Listed entries:
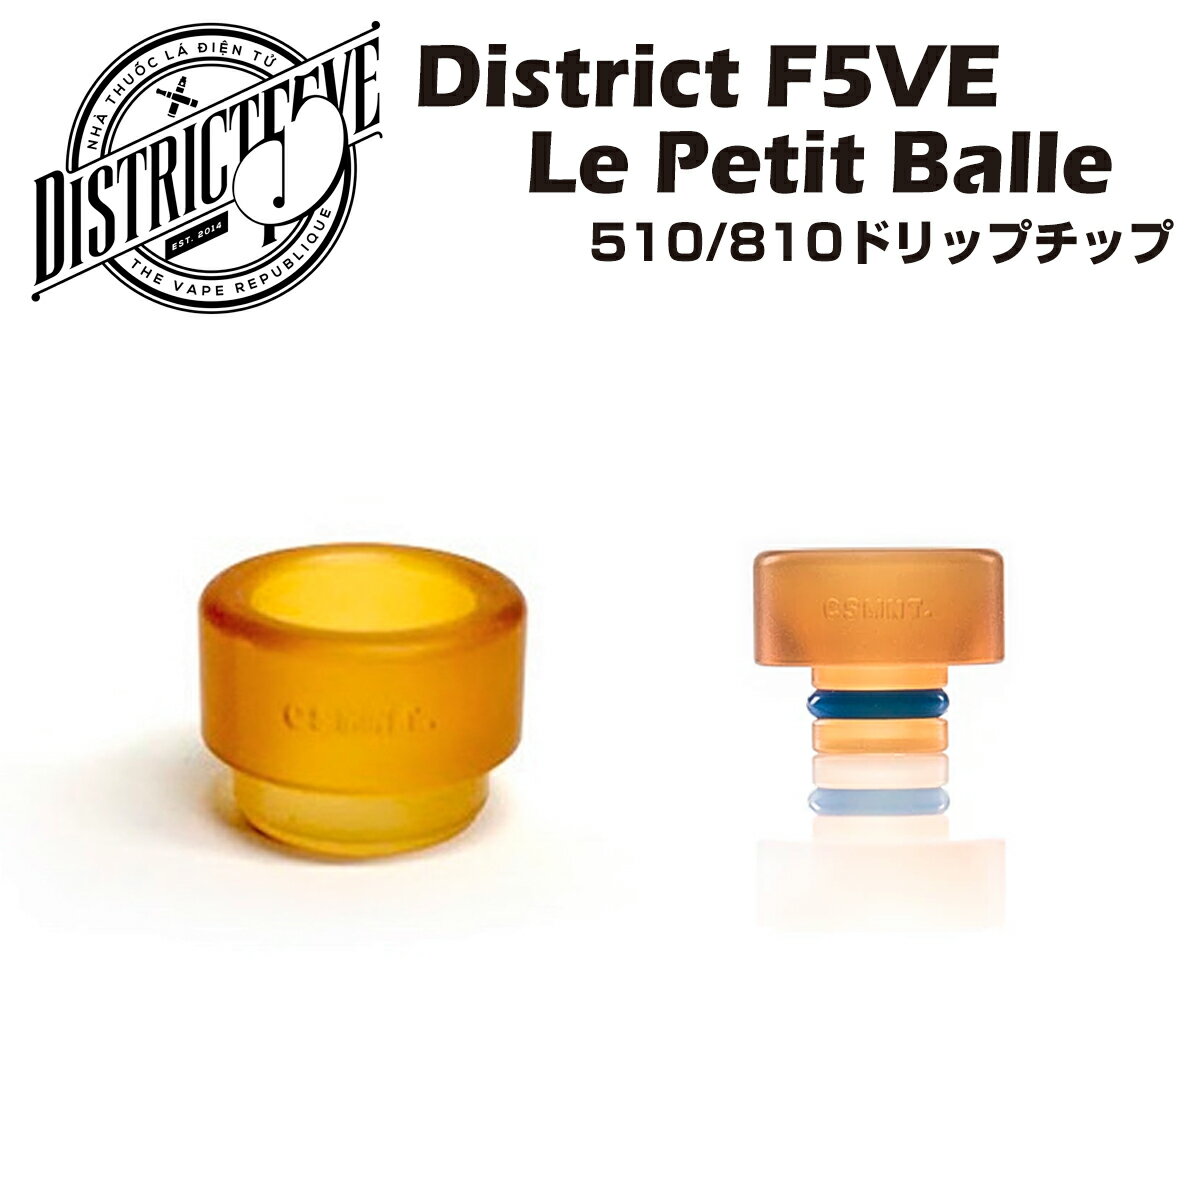 yz District F5VE / Le Petit Balle Drip Tip hbv`bv 510/810 Ee dq^oR dq΂ xCv h` Vape
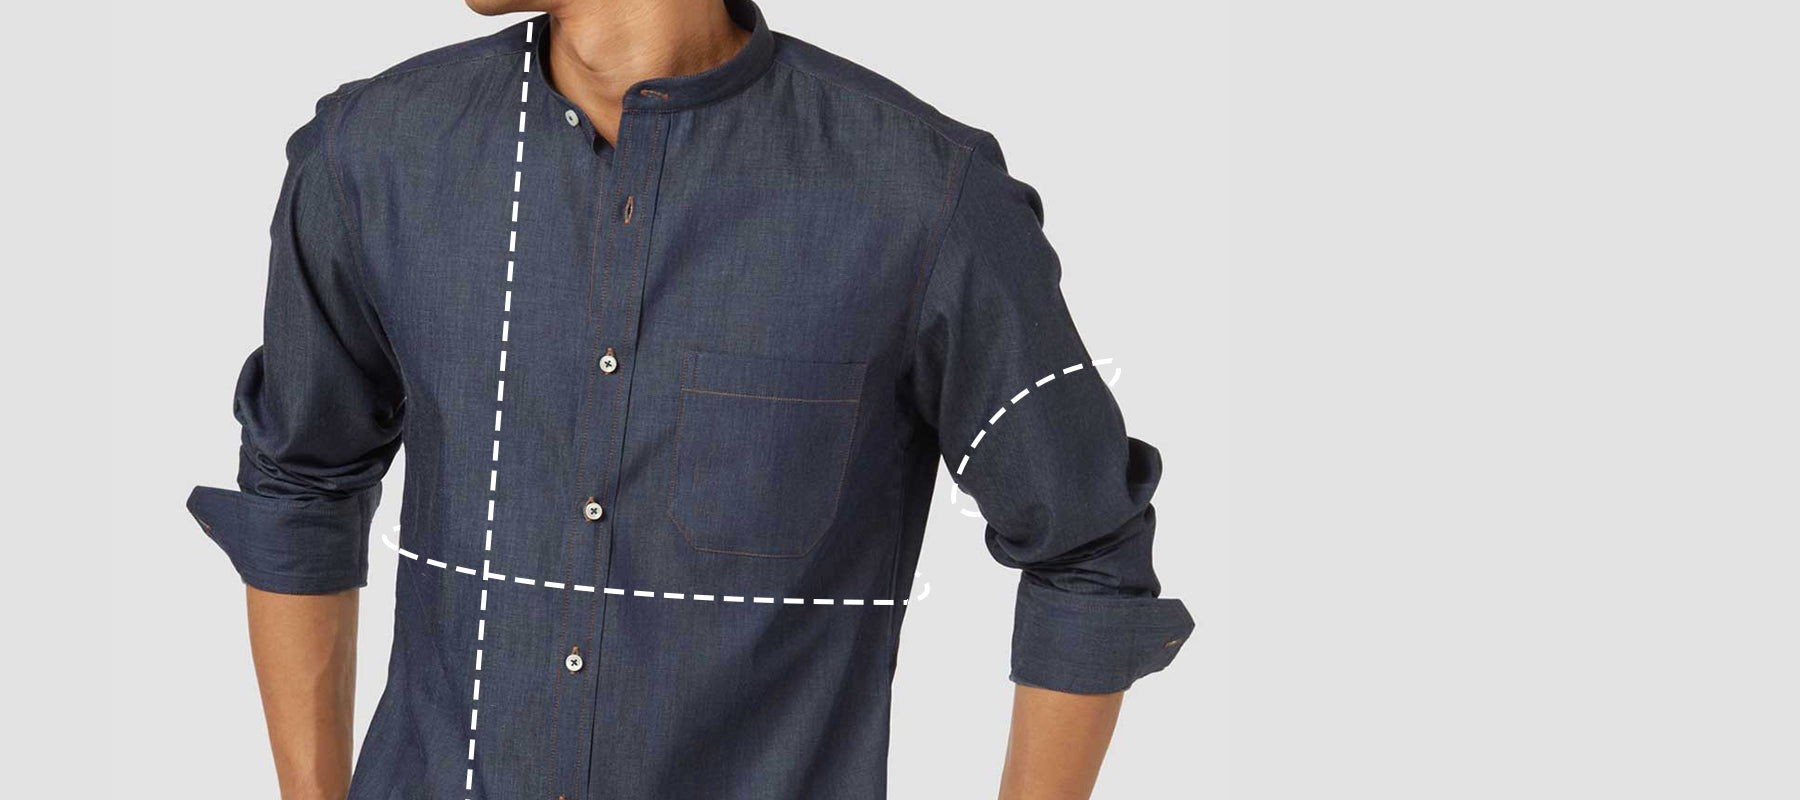 Men's Dress Shirt Cuffs  Proper Size Button And Cuff Proportion
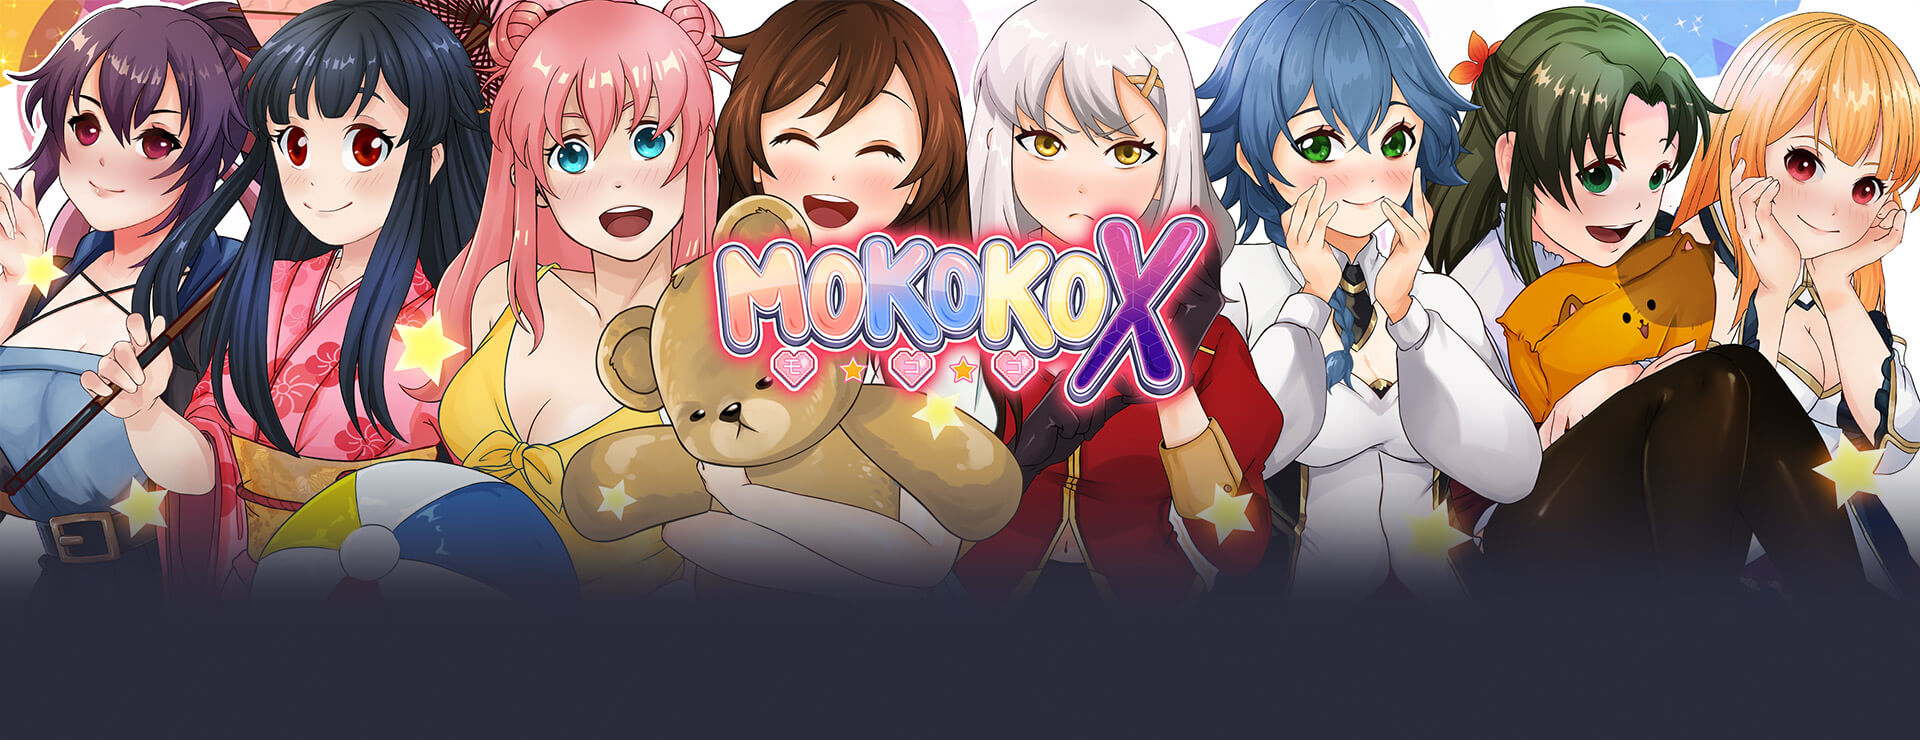 Mokoko X - Action Adventure Game
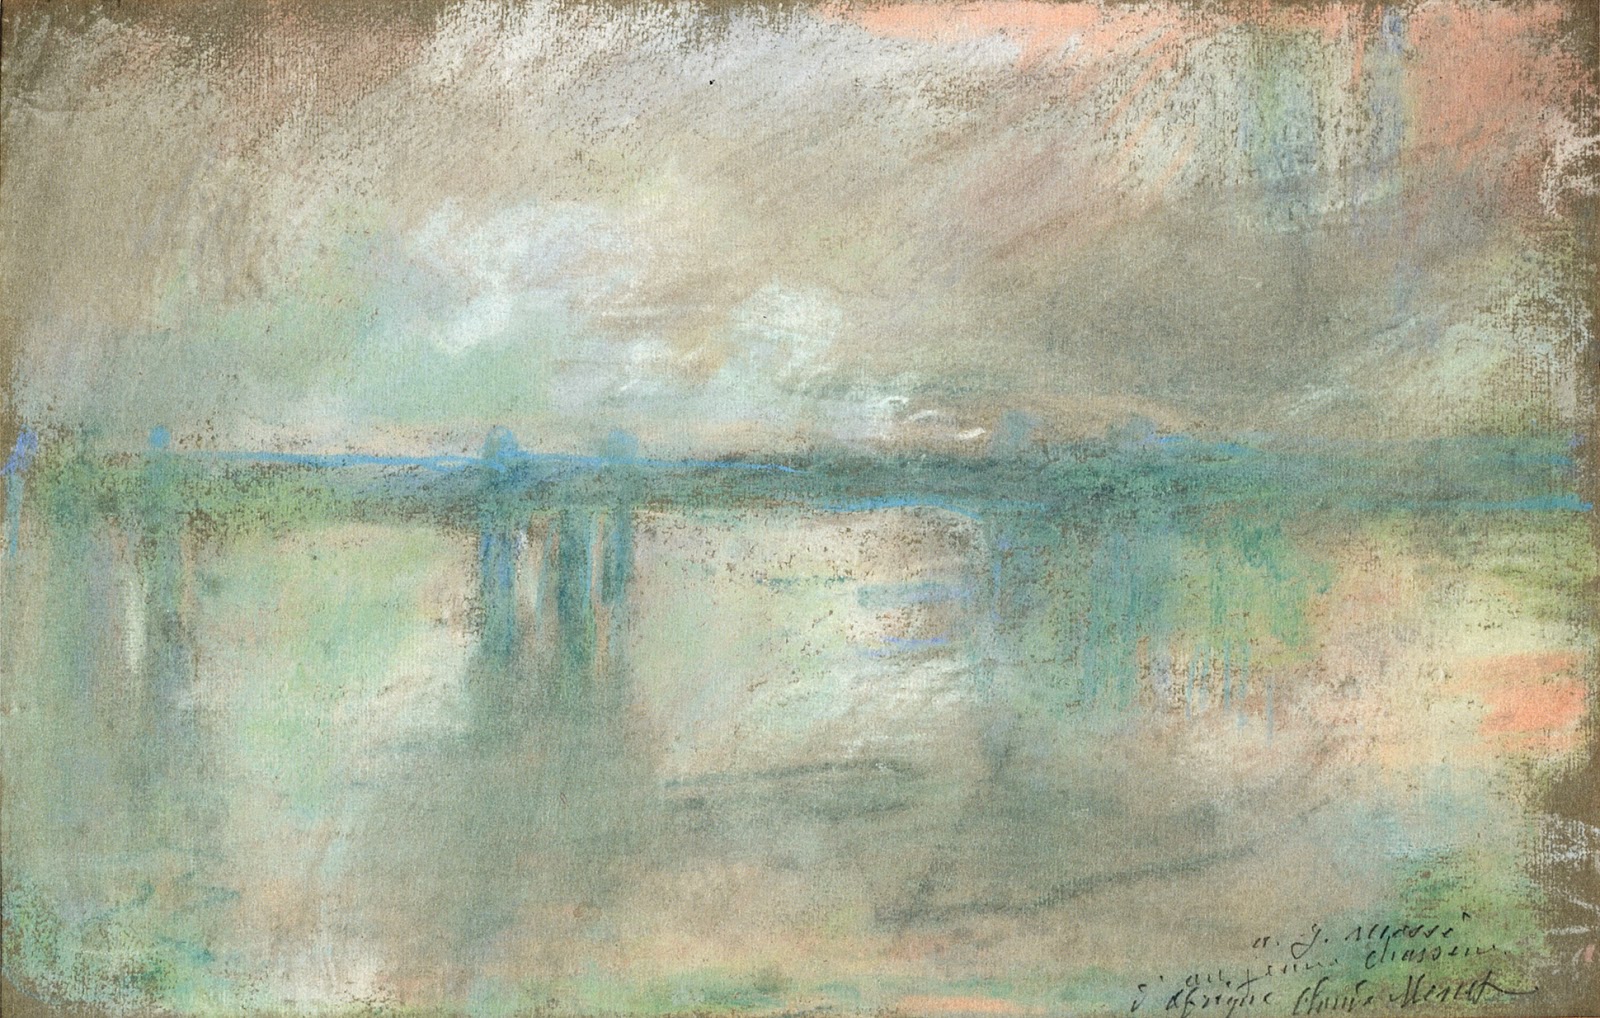 Claude+Monet-1840-1926 (915).jpg
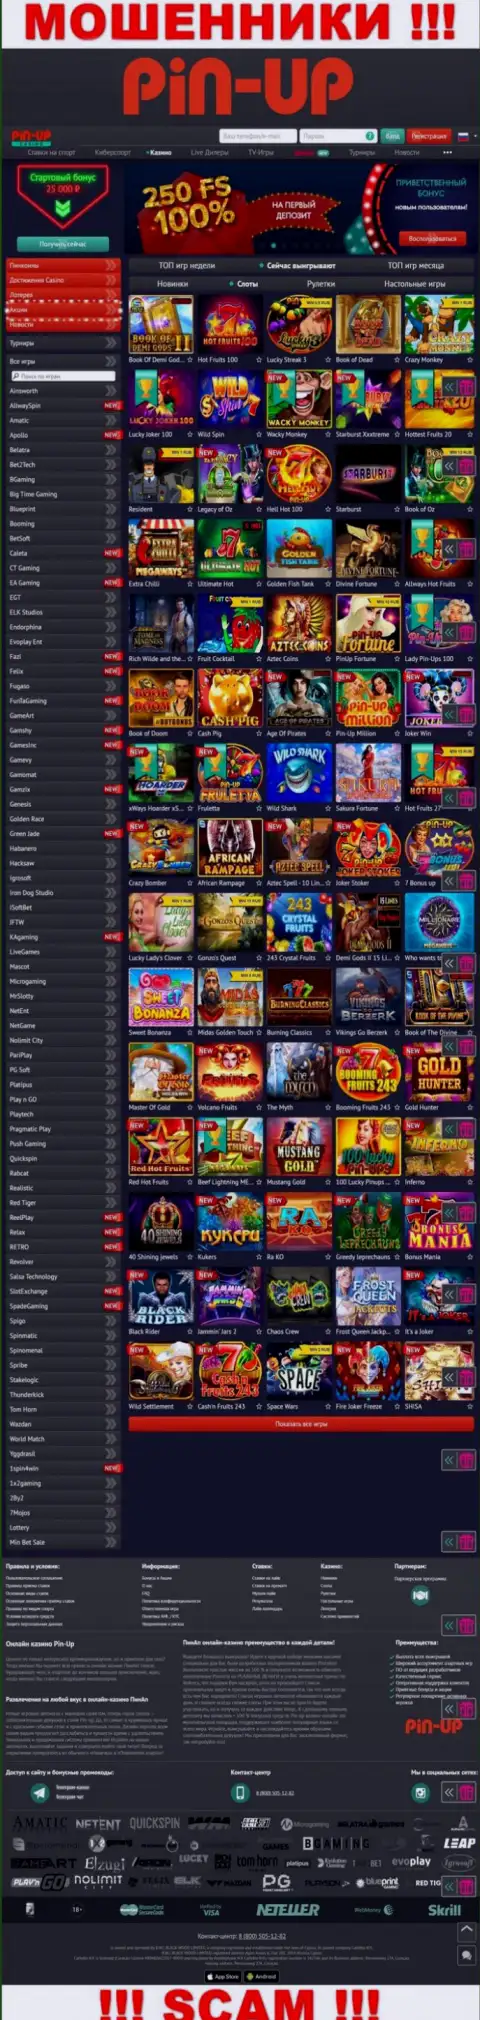 Pin-Up Casino - это официальный сайт аферистов Pin Up Casino

What needs to be done:
No pictures belong in the copy. Repeat the entries exactly.

Result below:
 yz District F5VE / Le Petit Balle Drip Tip hbv`bv 510/810 Ee dq^oR dq΂ xCv h` Vape
 Men's Dress Shirt Cuffs  Proper Size Button And Cuff Proportion
 Mokoko X - Action Adventure Game
 Claude+Monet-1840-1926 (915).jpg
 Pin-Up Casino - это официальный сайт аферистов Pin Up Casino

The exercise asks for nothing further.